*** Block opens ***
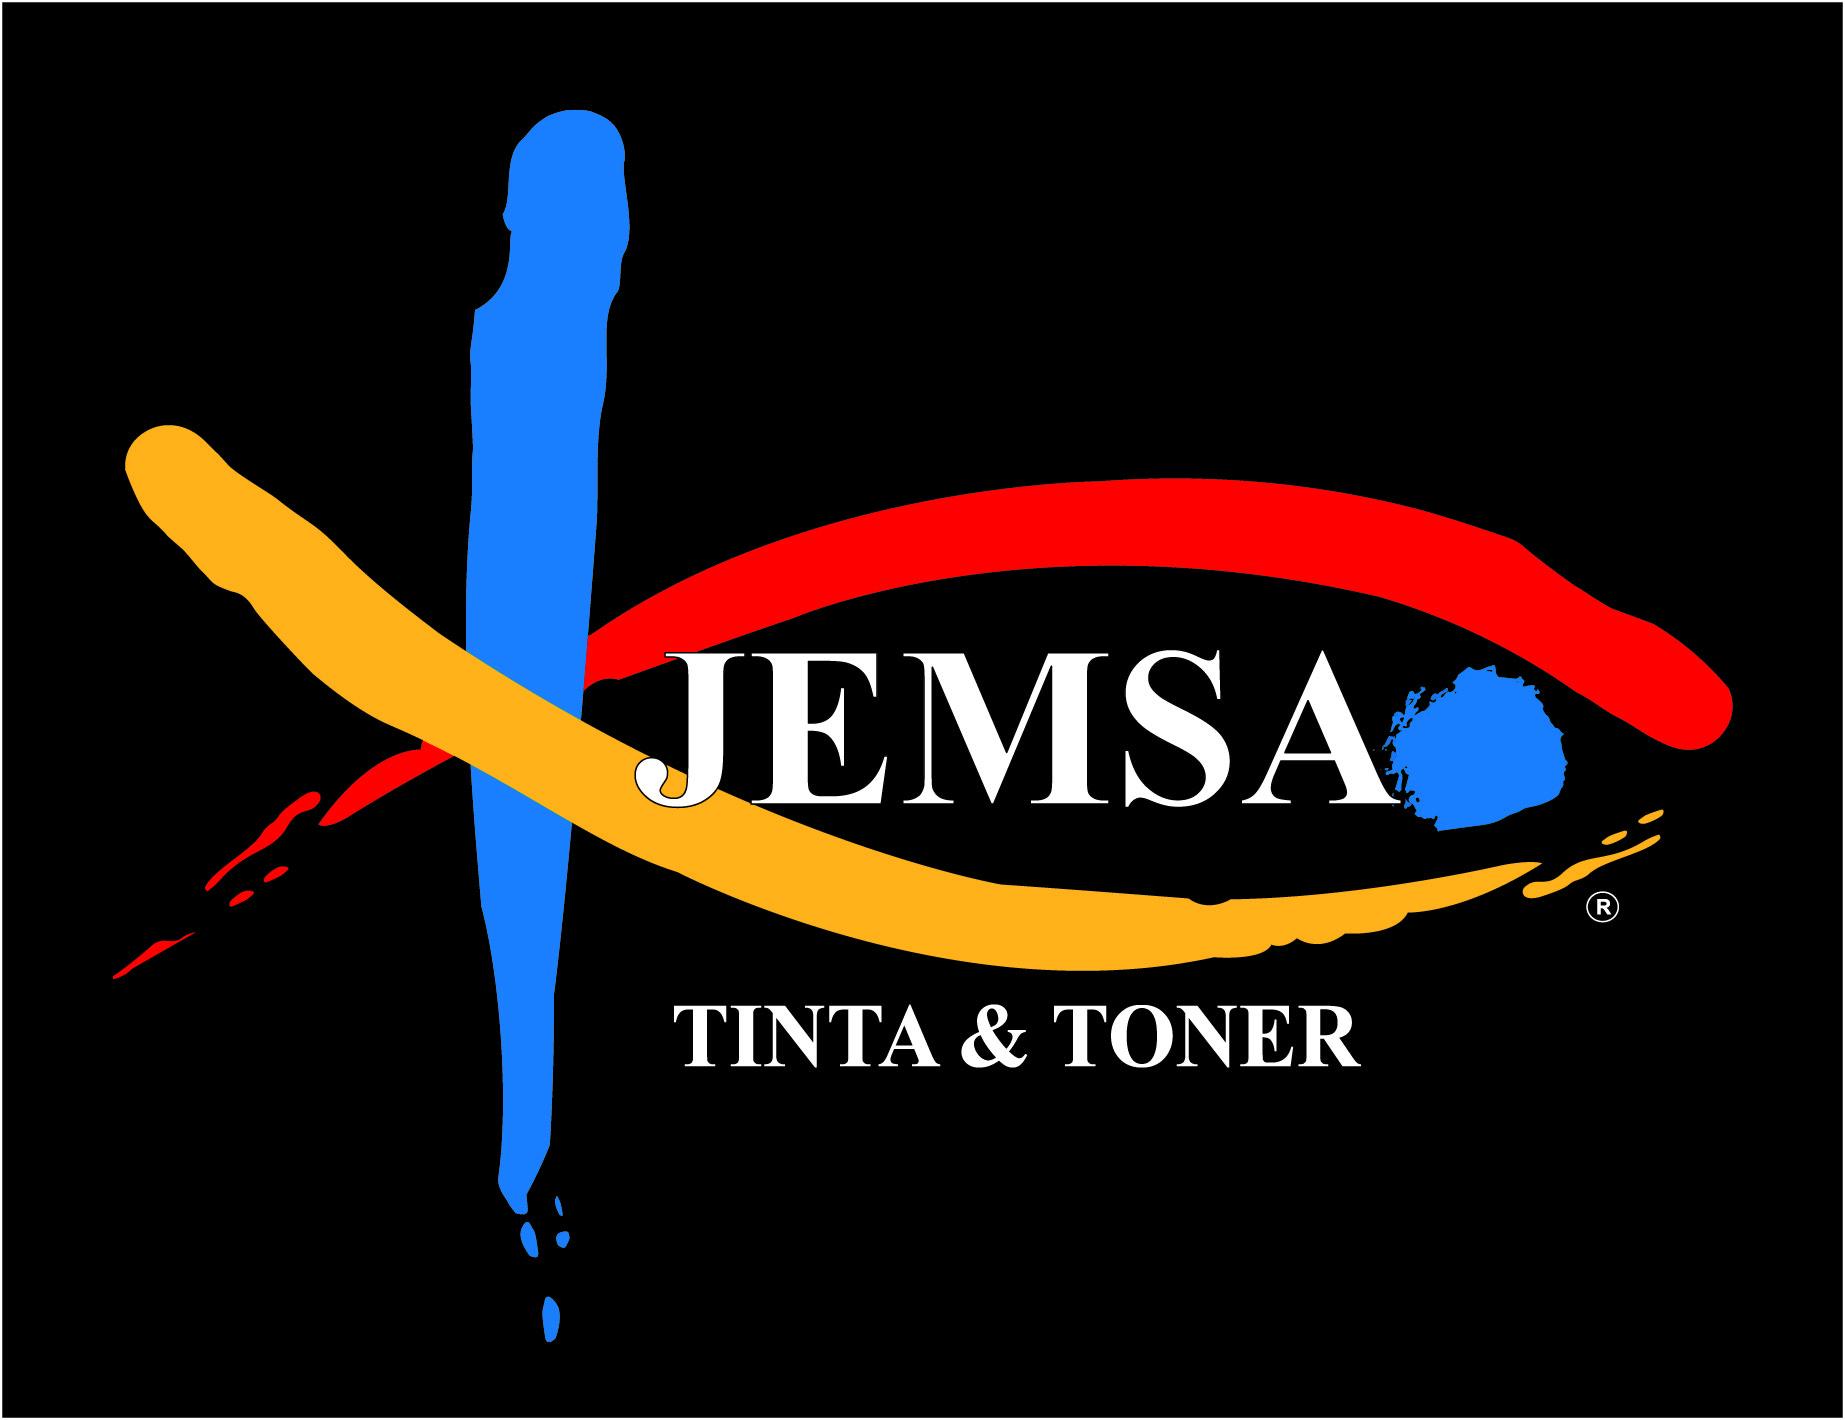 JEMSA TINTA Y TONER
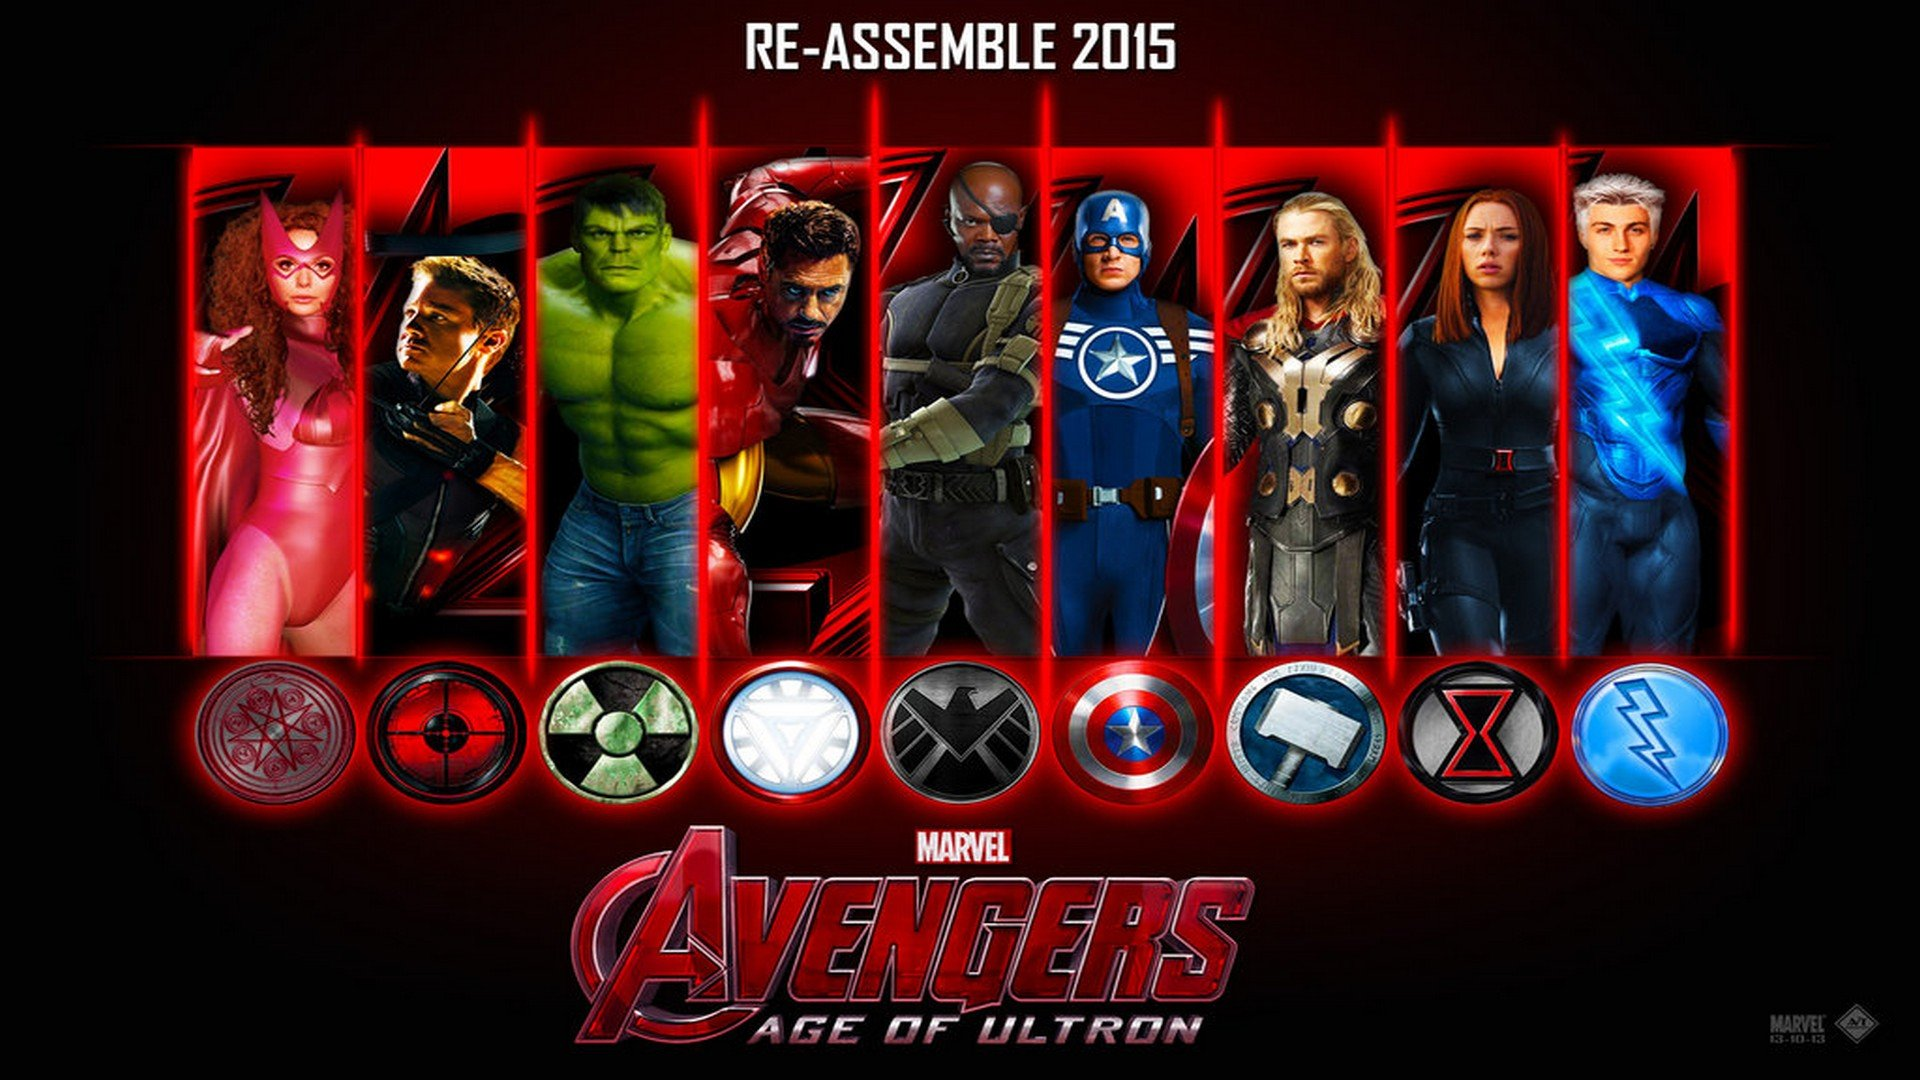 Avengers Age of Ultron 2015 Wallpaper Desktop   4   HD Wallpapers 1920x1080
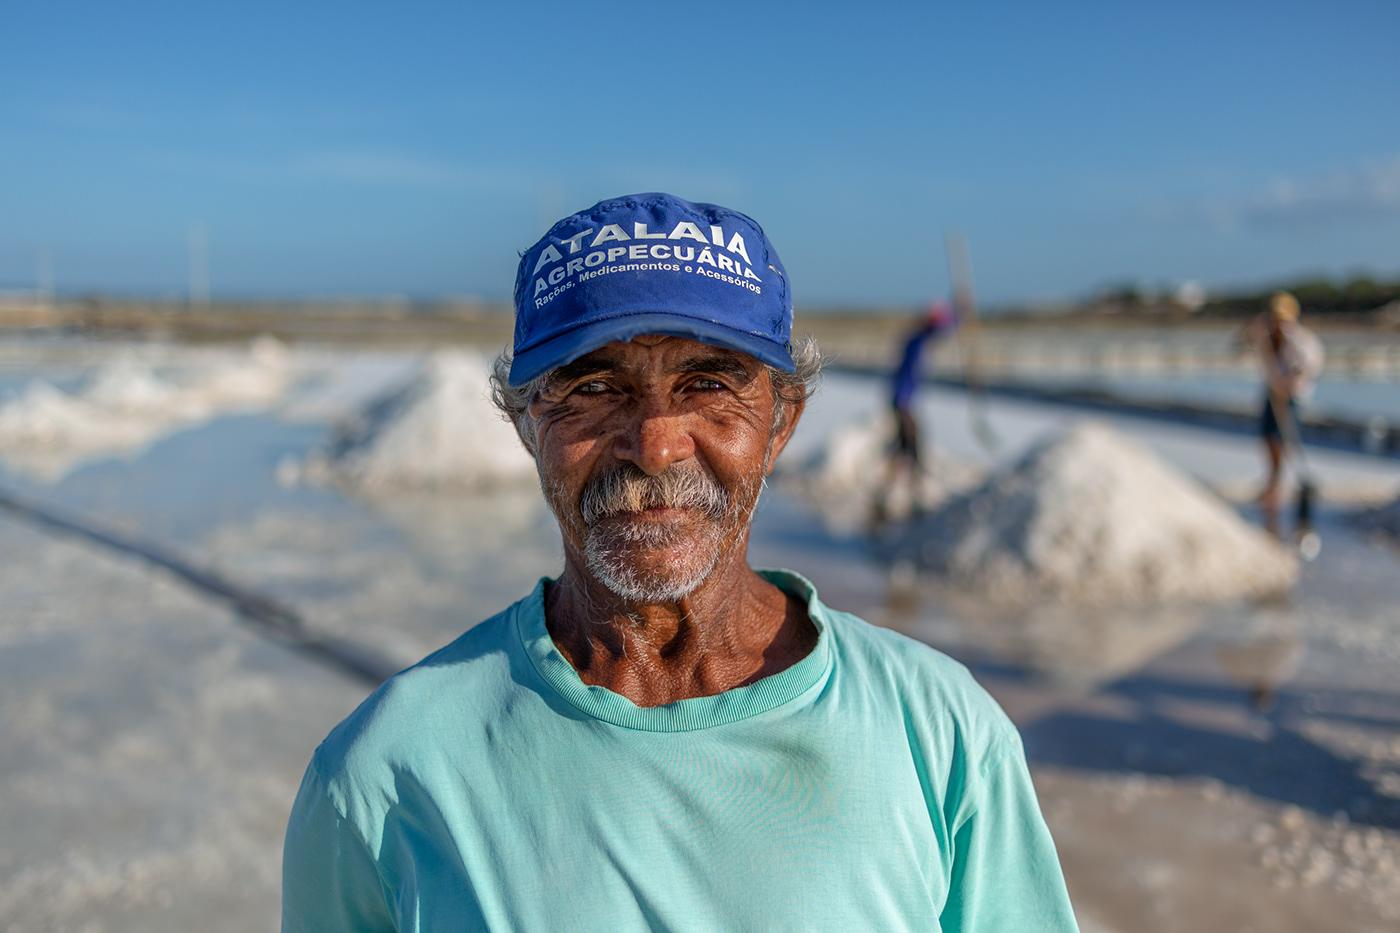 Aerial Photography brazillian development Documentary Photography economy environment LIFECOAST Salt sea South America
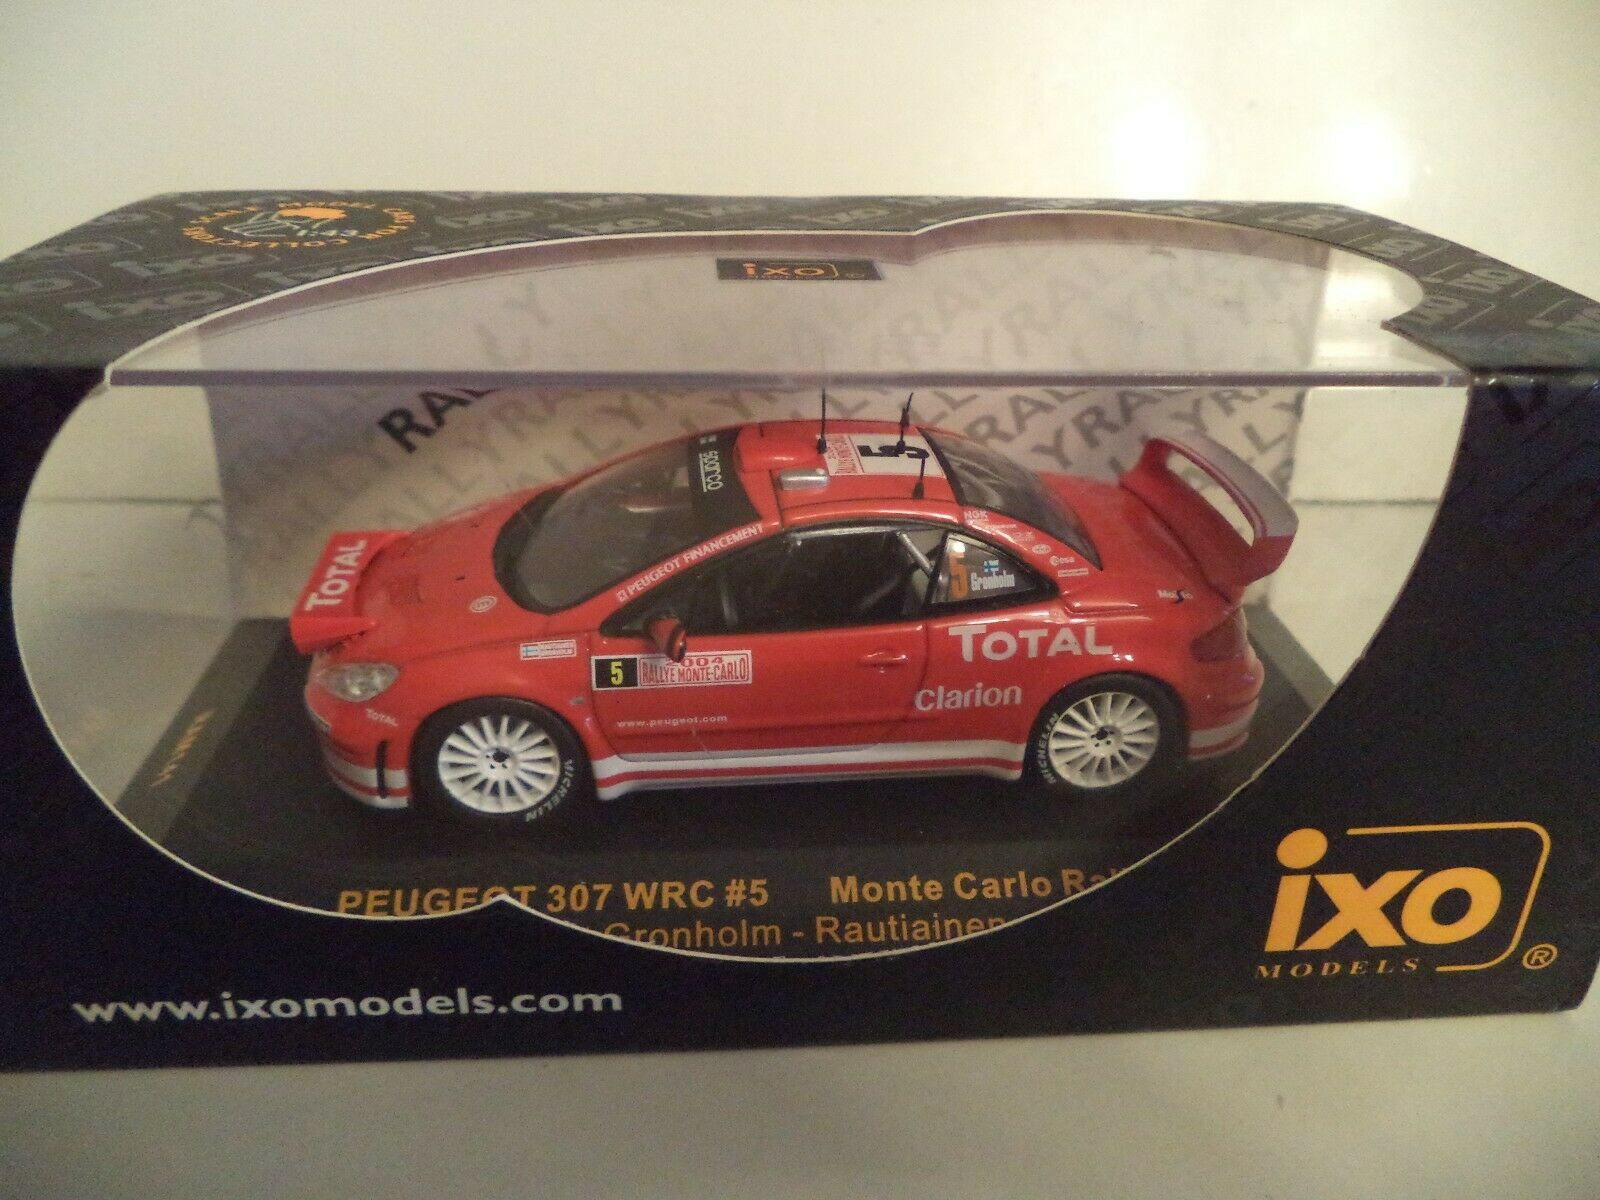 1:43 RAM 141 peugeot 307 wrc grönholm Rally de Monte 2004
*** Block closes ***
_Exercise aim_.
When you restate the listing, keep every word as it is and drop the pictures.

_Result for this exercise_.
 JEMSA TINTA Y TONER
 Avengers Age of Ultron 2015 Wallpaper Desktop   4   HD Wallpapers 1920x1080
 Aerial Photography brazillian development Documentary Photography economy environment LIFECOAST Salt sea South America
 1:43 RAM 141 peugeot 307 wrc grönholm Rally de Monte 2004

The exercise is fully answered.